Rainbow glanced back towards Equestria and shrugged. “Eh, I’ll stick around here just in case you need anything. Ponyville can wait.”

“What? Rainbow, you’re not supposed to be here at all. I don’t want you to get in trouble or get hurt because of me!”

She waved a hoof dismissively. “Spike, did you forget who you’re talking to? I’m way too fast for some monster to catch me. Besides, have you seen this place? I get that it’s bad for ponies to be here during the dragon migration, but there’s literally nopony else around for miles. I’ll just hang right here and wait for you to check out the cave, then we’ll fly right out of here.”

Another plume of dragon smoke darkened the sky overhead and quickened my heartbeat. “But—”
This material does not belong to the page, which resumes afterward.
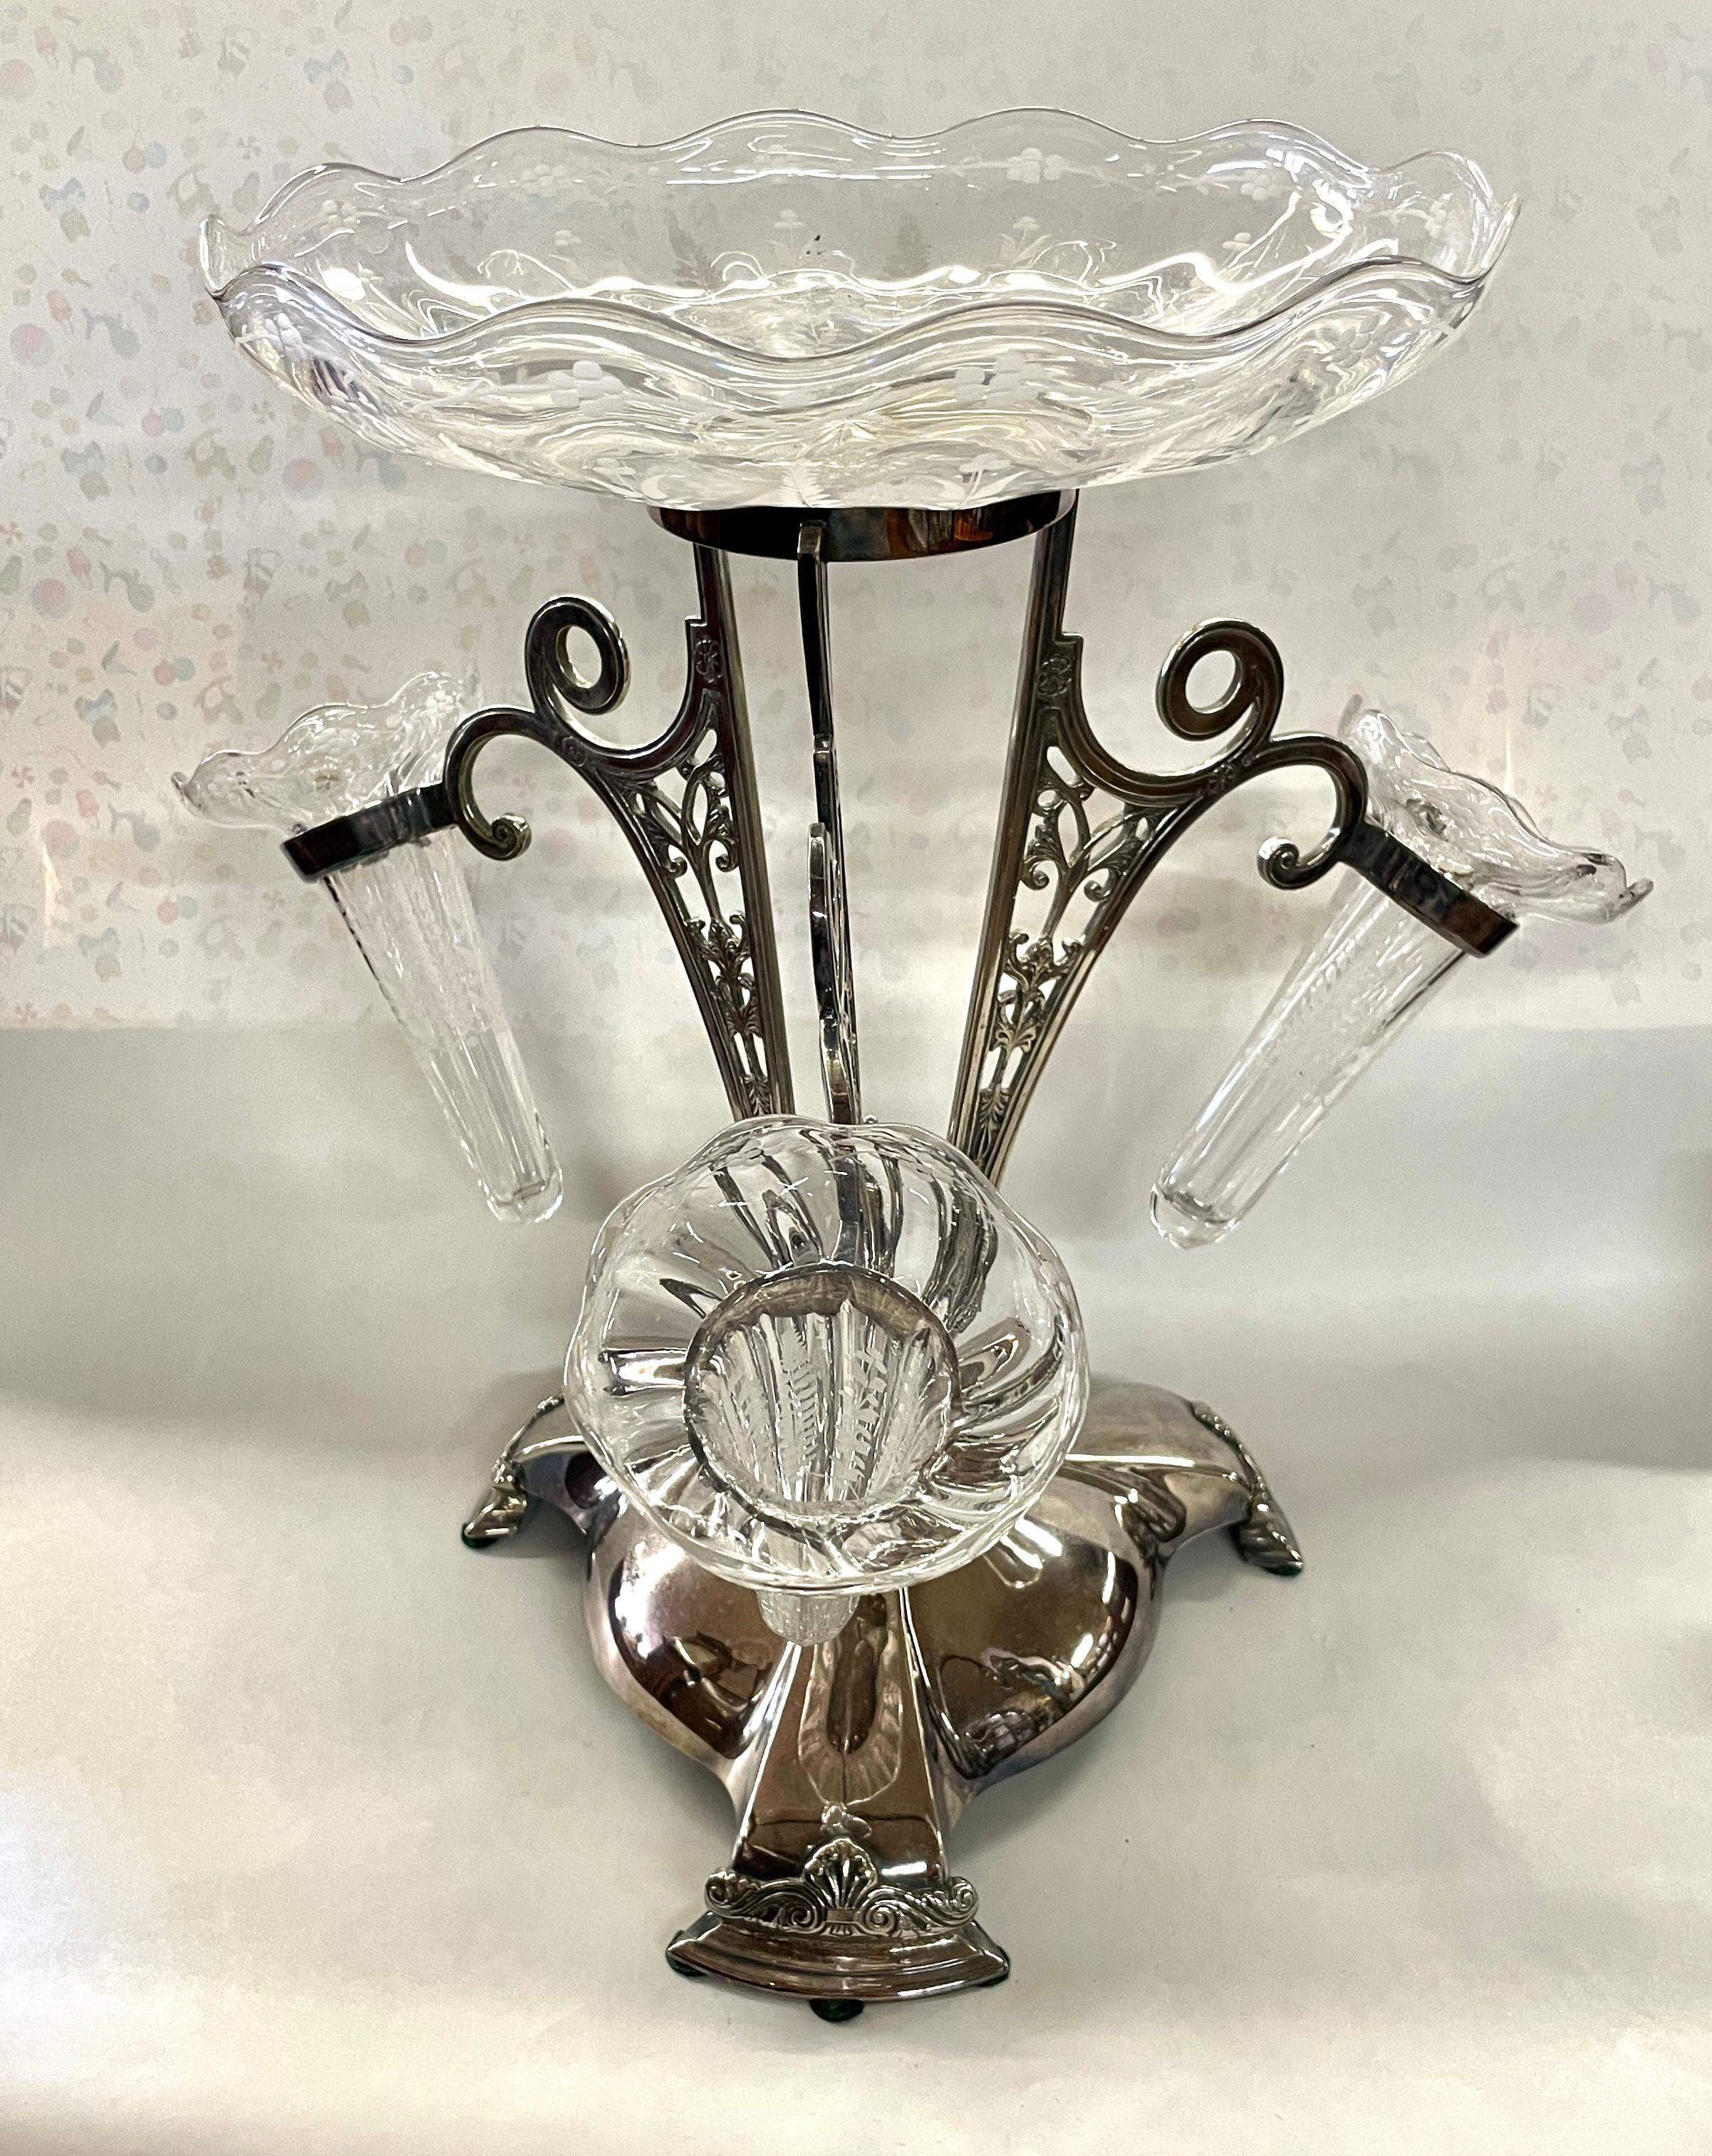 An Extraordinary Large Size Antique English Sheffield Silver Plate and Hand Engraved Crystal Epergne Centerpiece with maker's marks under the base for the highly collected Royal Warranted silversmiths, Walker & Hall (Sheffield and London).  The

Two hooves grasped my shoulders. “Spike, look. I get that you want to do this all on your own, and there’s no doubt that you can, but that doesn’t mean I’m just gonna go back home while you’re stuck out here. You’re my friend, and friends don’t leave each other behind.”
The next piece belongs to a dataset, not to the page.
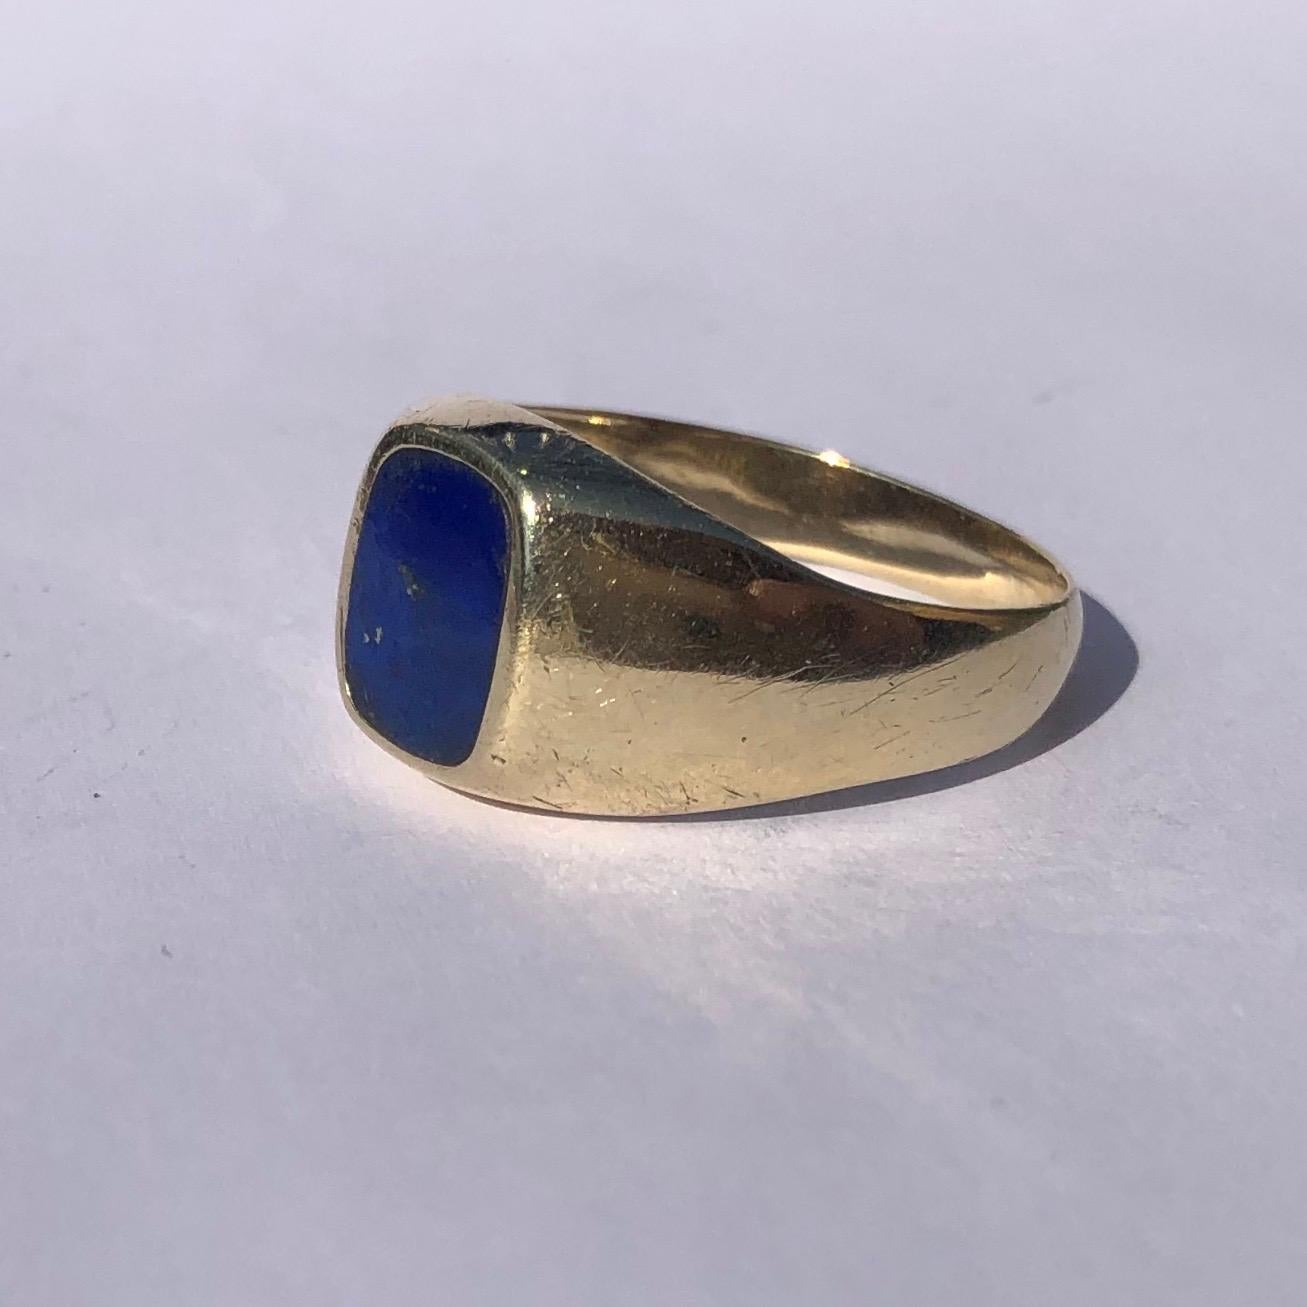 The lapis stone in this ring is beautiful, bright and glossy. The smooth cut of the stone goes perfectly with the chunky gold ring it is set within. Made in London, England. 

Ring Size: Z or 12 1/2 
Stone Dimensions: 10x8mm

Weight: 6g

I studied Rainbow’s earnest gaze. I don’t think I’d ever been on the receiving end of the full brunt of her loyalty before. In any other circumstance I would’ve just nodded my head and moved on, but not like this. Not when I could hear Celestia’s warning in my mind. “Okay… Okay. You’re a really good friend, Rainbow.”

She folded her forelegs and grinned. “I know.”

I opened the pack’s main pocket and stuck my hand into the rolled-up blanket, in search of the most fragile cargo of all. “Can you hold something for me?”

I tossed her one of Twilight’s potions. She swiped it out of the air and balanced it on her hoof. “Sure thing. Why’d you want me to hold this, any—”

Once again, one puff of fire was all it took. I don’t have wings or a horn, but I do have a special kind of magic all my own. Dragon fire isn’t like a lit match. I can use it to do all sorts of things, like send letters to Princess Celestia, or vaporize a glass vial while leaving the pony holding it untouched.

Rainbow Dash vanished in a blast of light, leaving me with the fleeting image of the purple liquid splashing over her forelegs.

“I’m sorry, Rainbow… I’m sorry I tricked you and everything but… but I can’t let you get hurt out here because of me.”